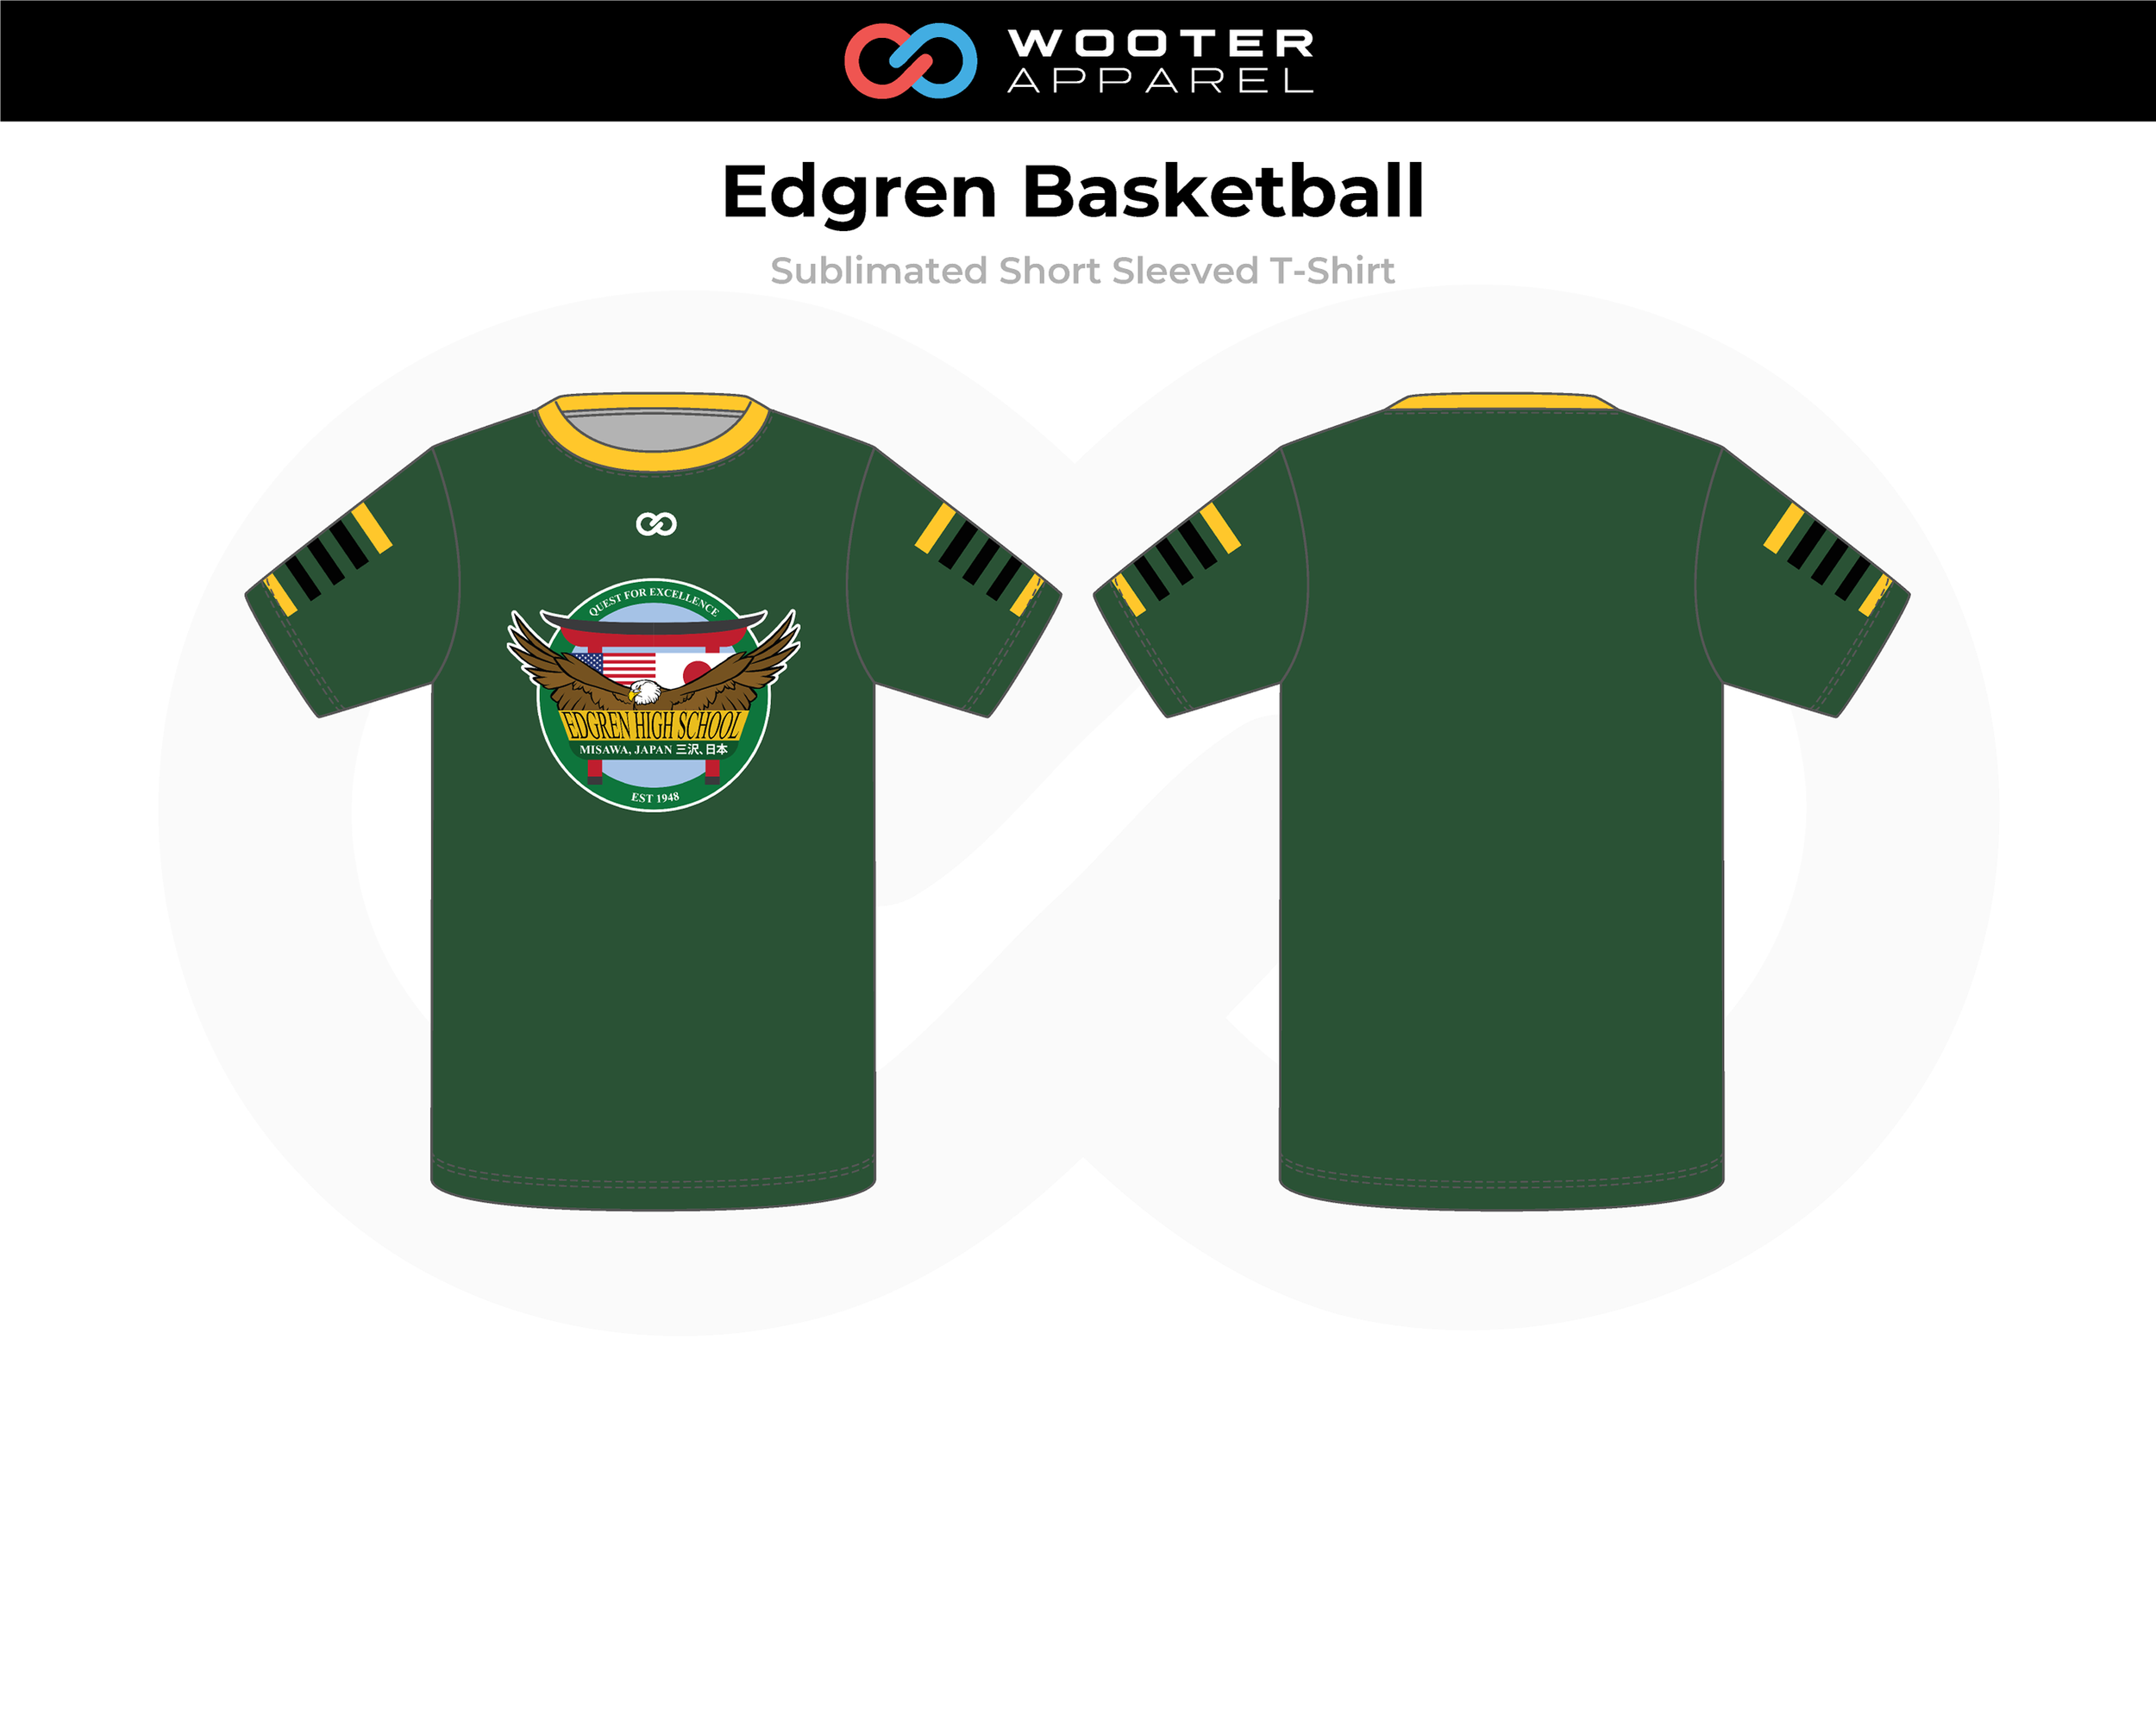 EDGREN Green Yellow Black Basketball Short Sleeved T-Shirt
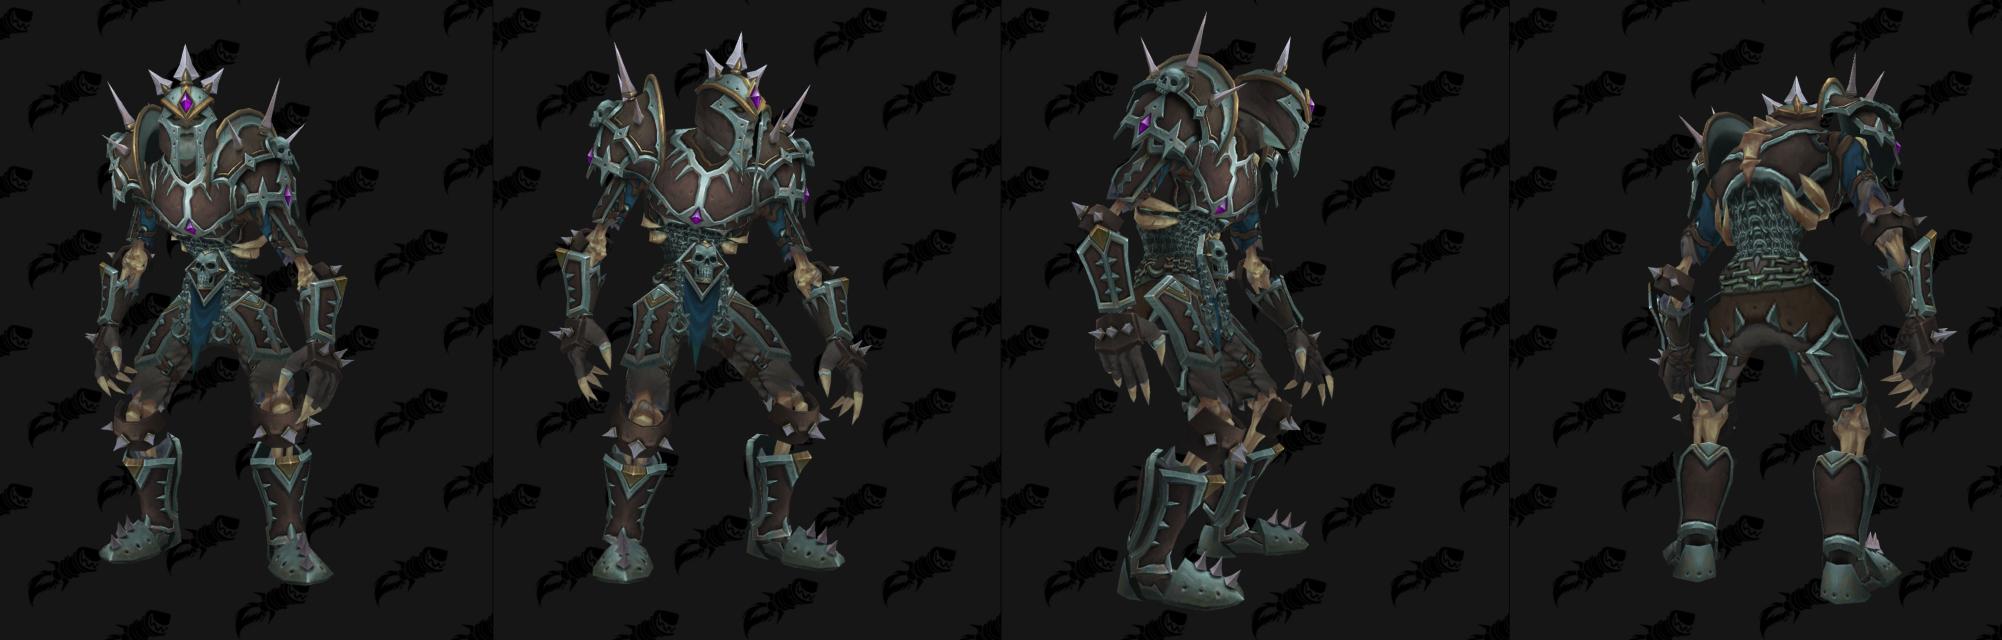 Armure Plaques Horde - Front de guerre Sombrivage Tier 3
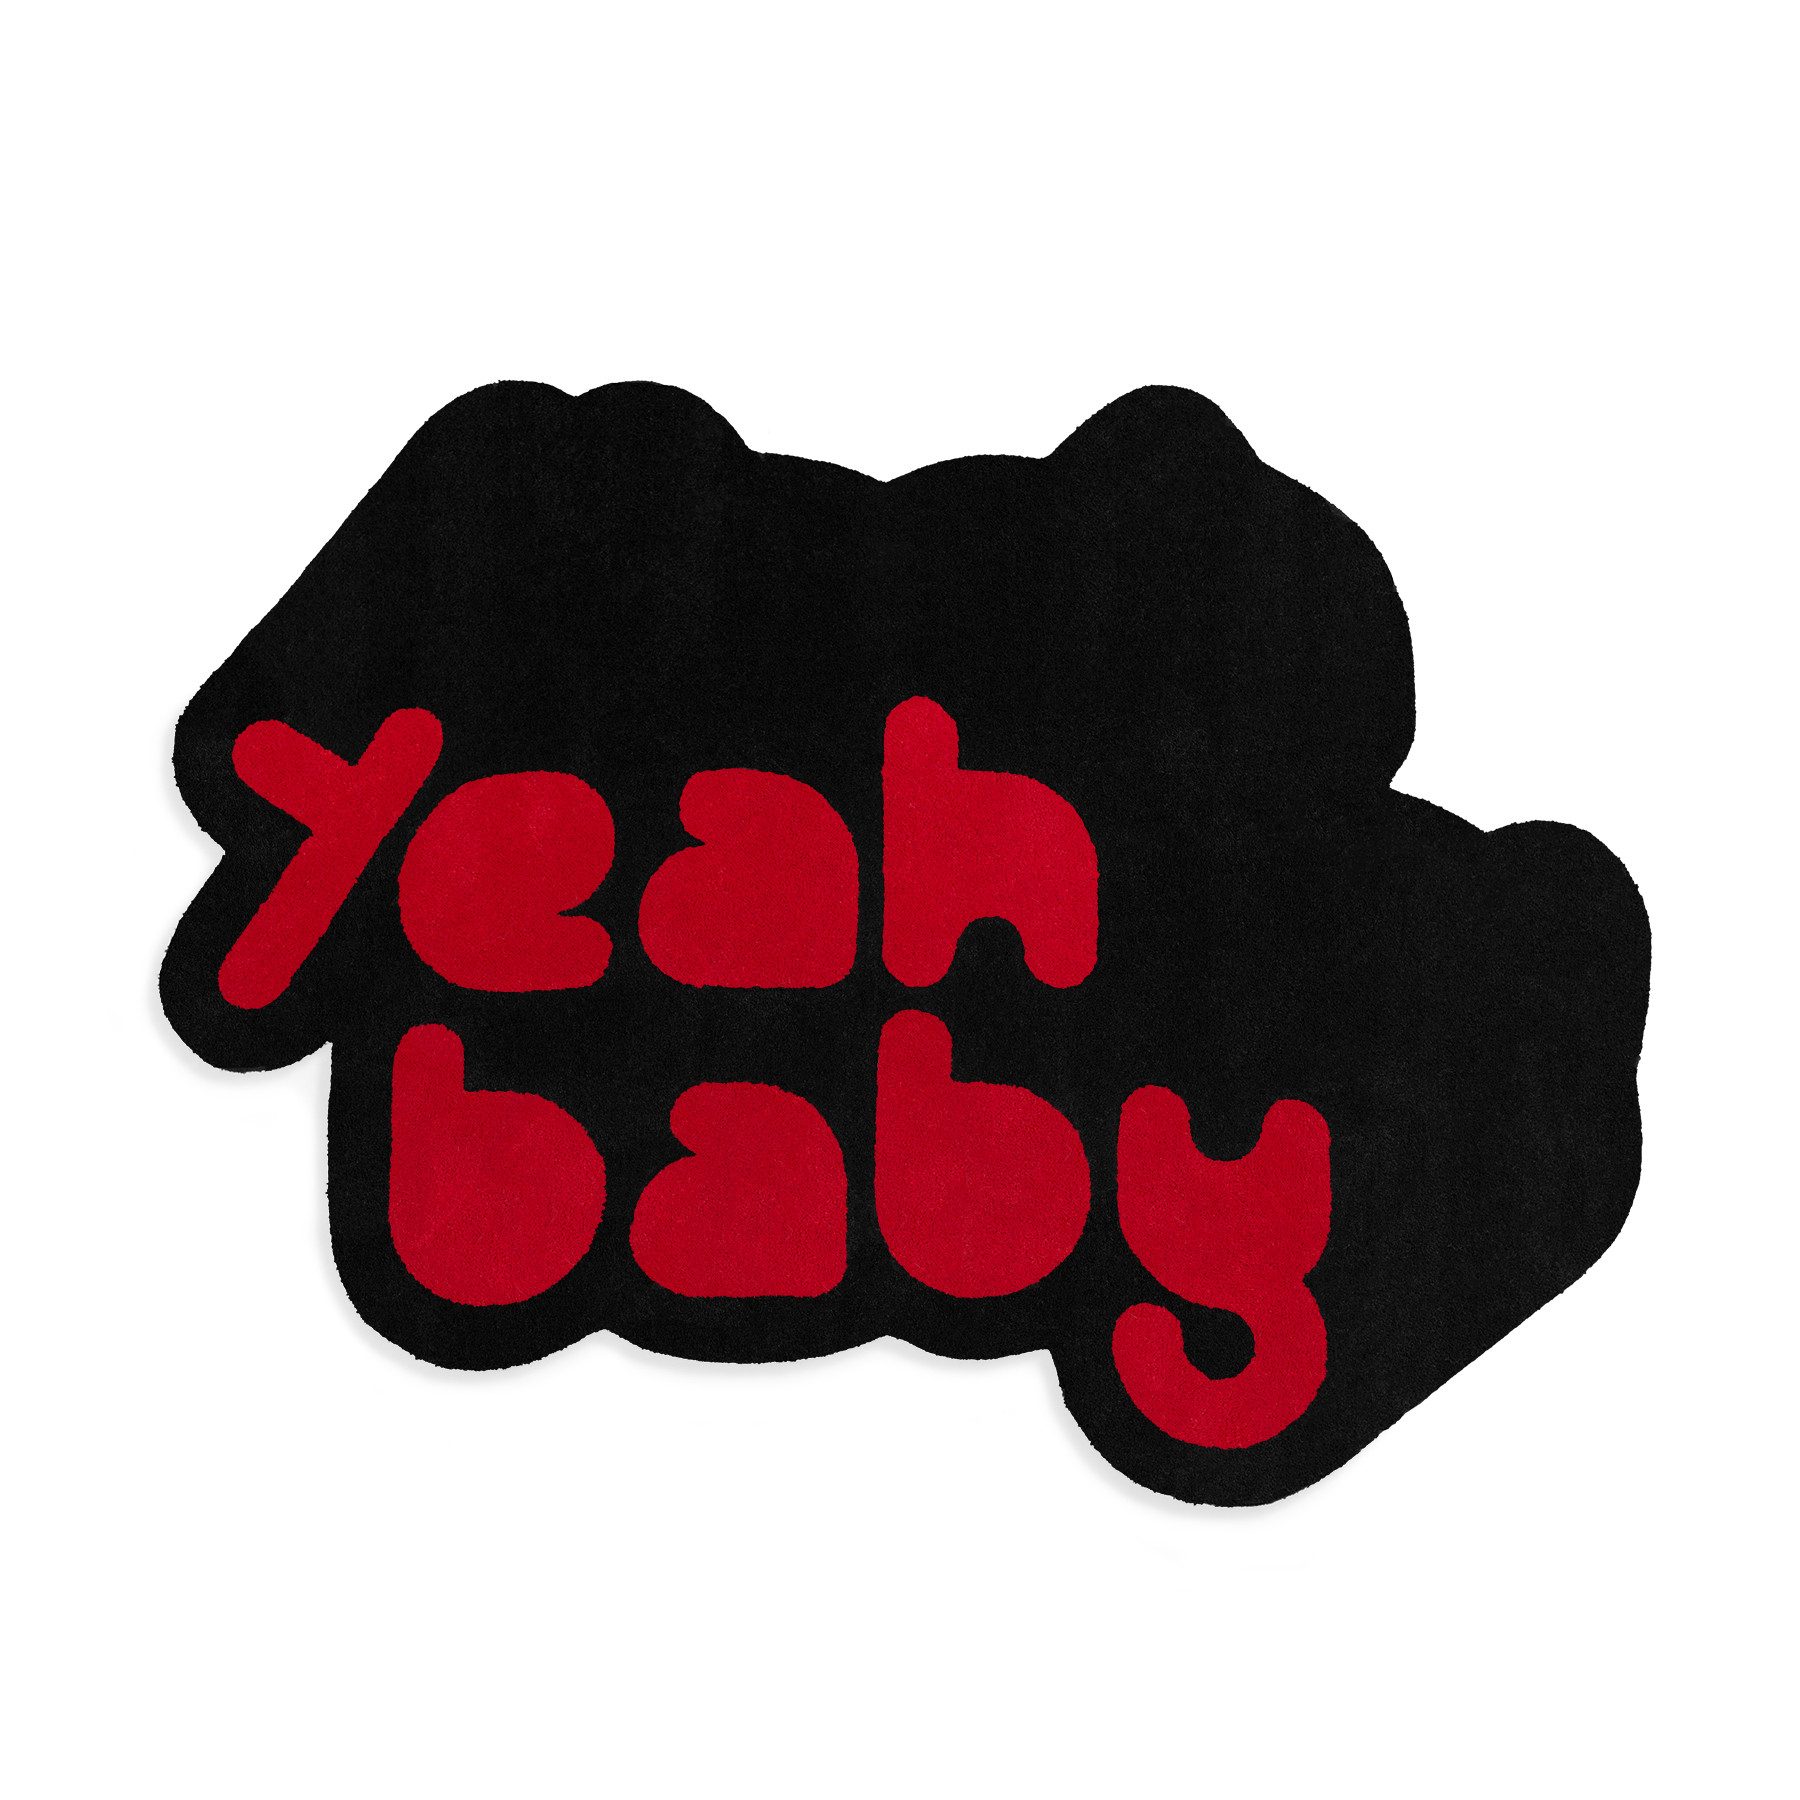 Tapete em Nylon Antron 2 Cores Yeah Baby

---

What this task involves -
Send back every line above exactly, skipping all pictures.

Final answer -
 EDGREN Green Yellow Black Basketball Short Sleeved T-Shirt
 Armure Plaques Horde - Front de guerre Sombrivage Tier 3
 Tapete em Nylon Antron 2 Cores Yeah Baby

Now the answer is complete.